Swellinfo is my go to, and is used by most I know. I just checked out that Willyweather site and it looks good, thanks for the tip on that one Justin. I also compared those two's forecast for the upcoming days, and I was surprised at the discrepancy (well over a foot on some days). I will definitely be checking both on upcoming trips to see if one is regularly more accurate. With the recent wacky patterns though, it doesn't seem like anyone is getting close to nailing the forecast. It sounds like you are looking for the trout green and ice cream...if so the wind speed and direction is the main predictability factor. Prolonged light southeast is the gold standard, and a light shift to the north late in the summer can lay it down nicely as well. Westerly winds usually make chocolate milk. Also, remember that many of those sites cater to surfers more than fishermen, so "clean" (or green color shading on swellinfo) means long unbroken wave lines vs broken and choppy waves. It does _not_ mean the surf has good clarity or is seaweed free.


----------



## HoustonKid (Dec 29, 2005)

I use Swellinfo. I have found unless it is FAC, Swellinfo normally has the surf a bit flatter than reality. On more occasions that not, knee high was more like mid thigh to waist high. I look at Swellinfo and then take a look at the Galveston surf cams to get a pretty good idea. On the surf cams, if you think it looks flat, it is or pretty close. If you think you see some waves that are getting big, but might be fish-able, it is not. The cameras always make it look more calm than it is. 

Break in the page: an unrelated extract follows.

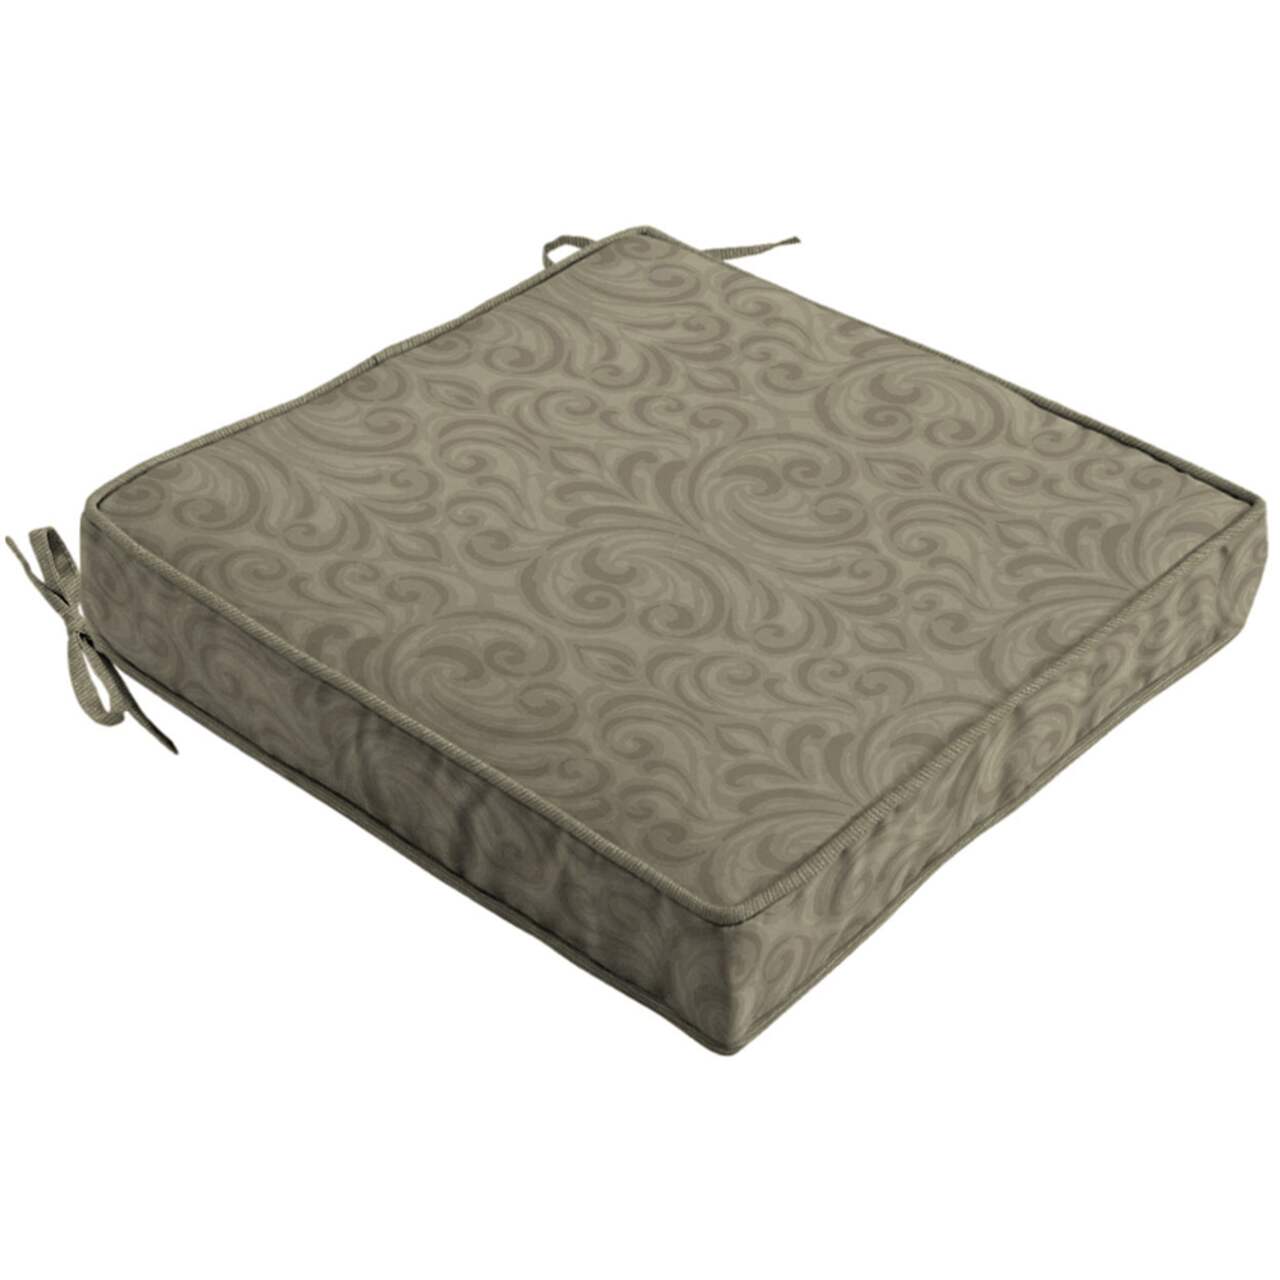 CANVAS Jewel Gate Deluxe Patio Seat Pad Cushion

Obviously if it is dark out, the cams don't help.


----------



## 500x (Jun 4, 2014)

I have found the WindAlert app on my phone to be user friendly and very accurate. Gives forecast 7 days out, temp weather, tides and what-not
I normally fish PINS and just click on Bob Hall. Like stated above, data prob all comes from the same place, I just like the way WindAlert puts it all together.


----------



## Seagull Whisperer (May 13, 2015)

Thanks for all the tips! Have already downloaded the Swell Info app and have marked a few of the links for wind under my favorites.


----------



## jesco (Jun 23, 2013)

Even better, call me. If I can't go, it will be green to the beach and under 1 foot. Almost guaranteed.


----------



## WGA1 (Mar 1, 2012)

I always look at swellinfo just to get a general idea of the forecast. Then the day before I go I look at the g-townsurf cam to look at water color and waves. Then at about 4 am the morning of I look at g-townsurf again. If I see white caps out near the end of the rock groin on the g-town cam then I don't go.


----------